The system hasn’t been grossly abused: mostly the Reserve Bank seems to spend fairly responsibly, and the Minister is advised by Treasury at the point of renegotiation. But, equally, it is not as if the Minister and the Bank have gone above and beyond the formal statutory provisions: they could, for example, lay out detailed annual estimates, by functions, at the time the Funding Agreement was released, and report actuals against those estimates over the following five years. But they don’t even do that: it is the sort of lack of transparency that led me to suggest earlier that there is no more transparency around the Bank’s spending plans – one line item per year – than there is around that of, say, the SIS. And unlike the Bank, the SIS needs an annual parliamentary appropriation or it can’t spend anything at all.
A common argument – at least among central bankers – is that somehow central banks are different. There is only one important respect in which they are: they earn far more than they spend. But even that isn’t very important here. Central banks make money largely through the statutory monopoly on currency issue, which is just (in effect) another form of taxation. And spending and revenue are two quite different bits of government finance: IRD might collect lots of money, but it can only spend what Parliament appropriates.
And what of those arguments about avoiding back-door pressure? Even they don’t mark out central banks. After all, we don’t want ministers interfering in Police decisions either (a rather more important issue than a central bank), but Police are funded by parliamentary appropriation. So is the Independent Police Complaints Authority. There are plenty of regulatory agencies where policy might be set by politicians, but the implementation of that policy is set by an independent Board, and where backdoor pressure could – in principle be applied. Other bodies publish awkward reports that make life difficult for politicians. But those bodies too are typically funded each year by parliamentary appropriation. It is just how our system of government works.
When I wrote about this issue in 2015 (having only recently emerged from the Bank), I was hesitant about calling for radical change.
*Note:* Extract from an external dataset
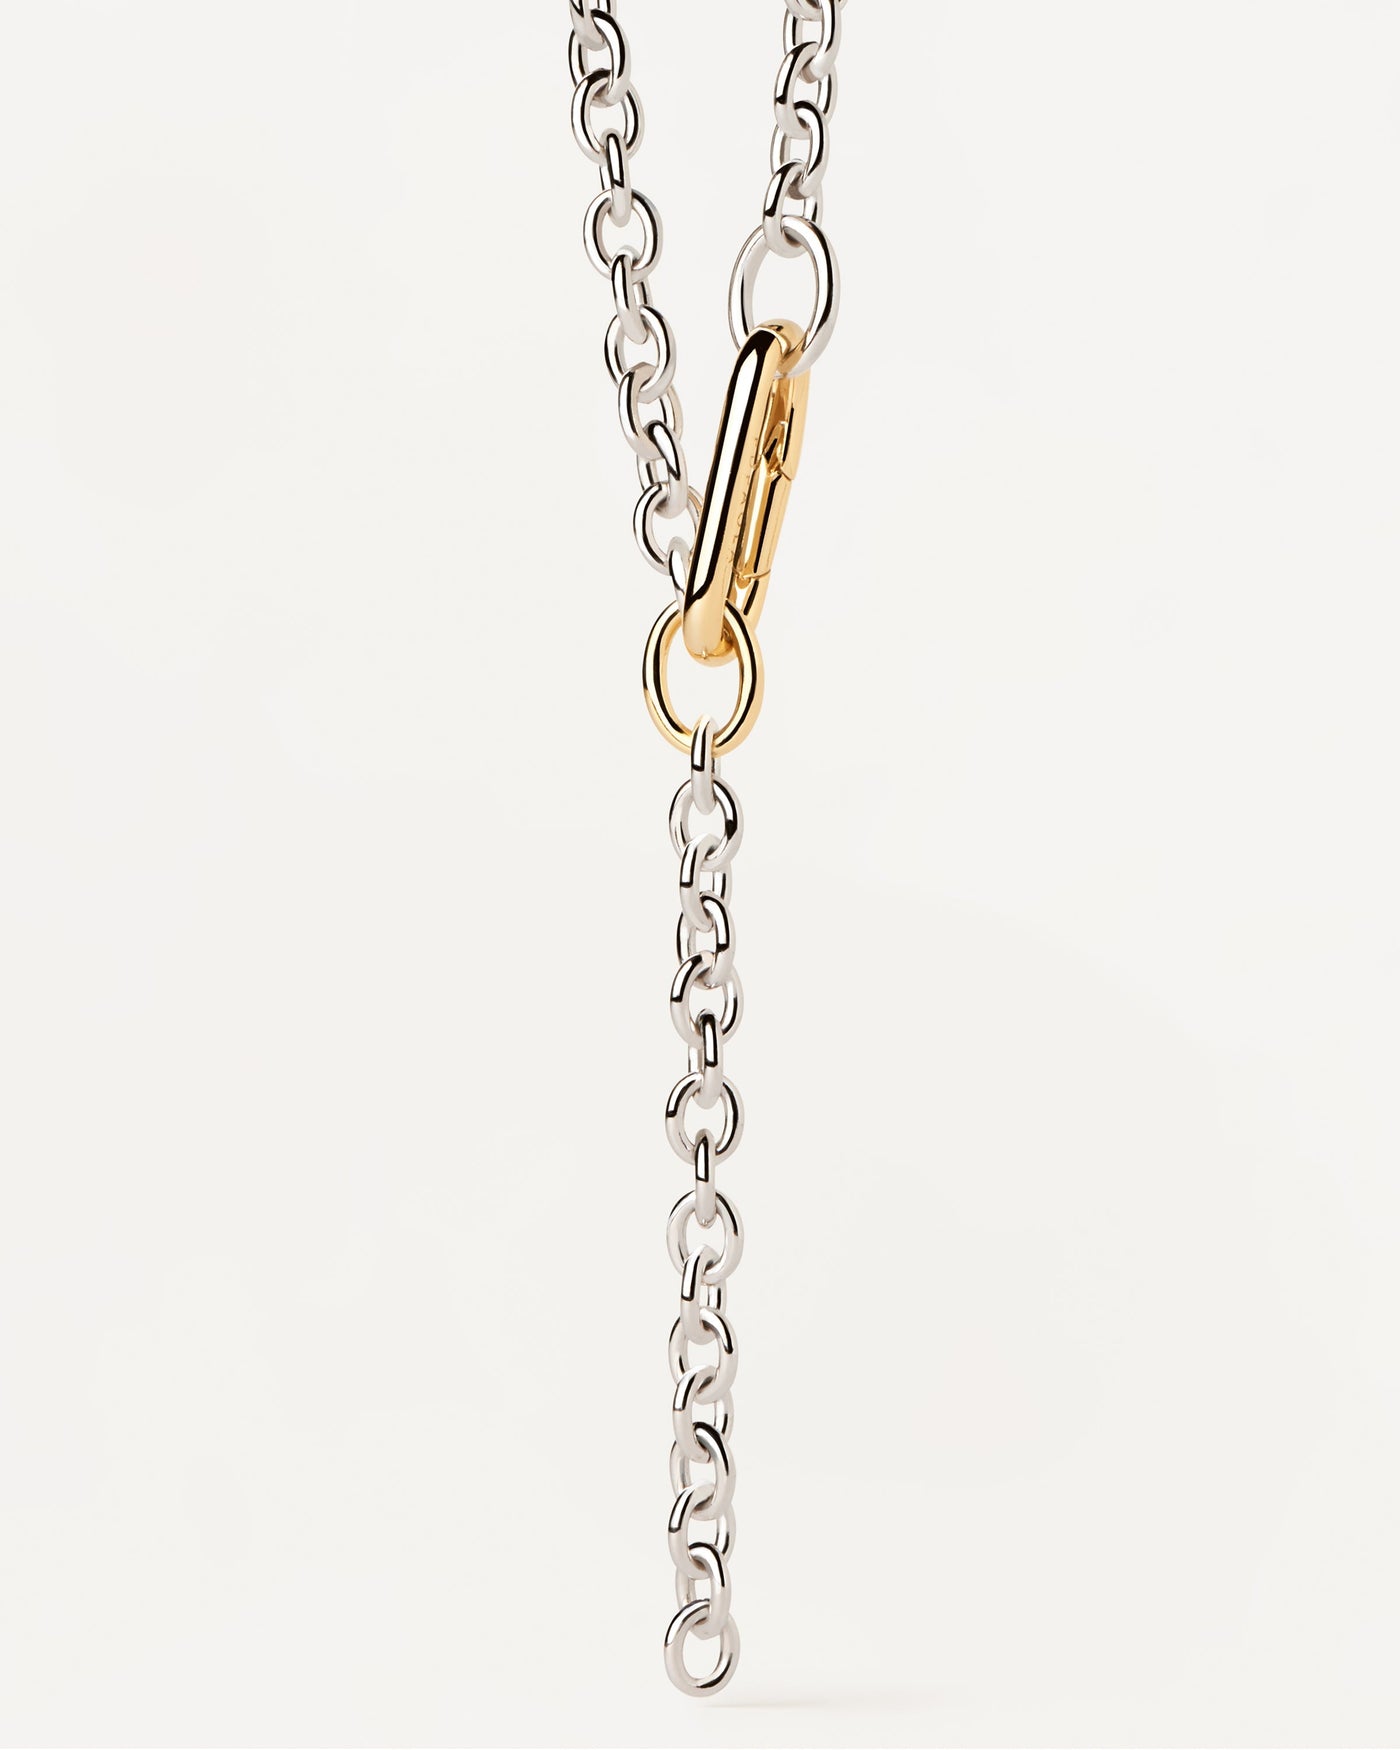 Beat Gliederkette. Bicolor-Y-Halskette mit silbernen Gliedern und auffälligem vergoldetem Verschluss. Erhalten Sie die neuesten Produkte von PDPAOLA. Geben Sie Ihre Bestellung sicher auf und erhalten Sie diesen Bestseller.

The funding agreement system itself could be tightened up in various ways, which might represent an improvement on what we have now. But there isn’t any very obvious reason not to start with a clean sheet of paper, and build a new system – aligned with how we manage public spending in the rest of government – starting from the principle of annual appropriations, with a clear delineation by functions (monetary policy, financial system regulation, physical currency etc), and standard restrictions on the ability of ministers to reallocate funds across votes).
I’m not aware of any country that funds it central bank by annual appropriation. But historically, central bank spending all round the world was subject to weak parliamentary control. This is one of those areas where the international models aren’t attractive, and the standard should instead be the way in which we authorise spending across the rest of government. This is a policy and regulatory agency – not, say, primarily a trading entity (like, eg, the New Zealand Superannuation Fund) – and should be funded, and held to account, accordingly.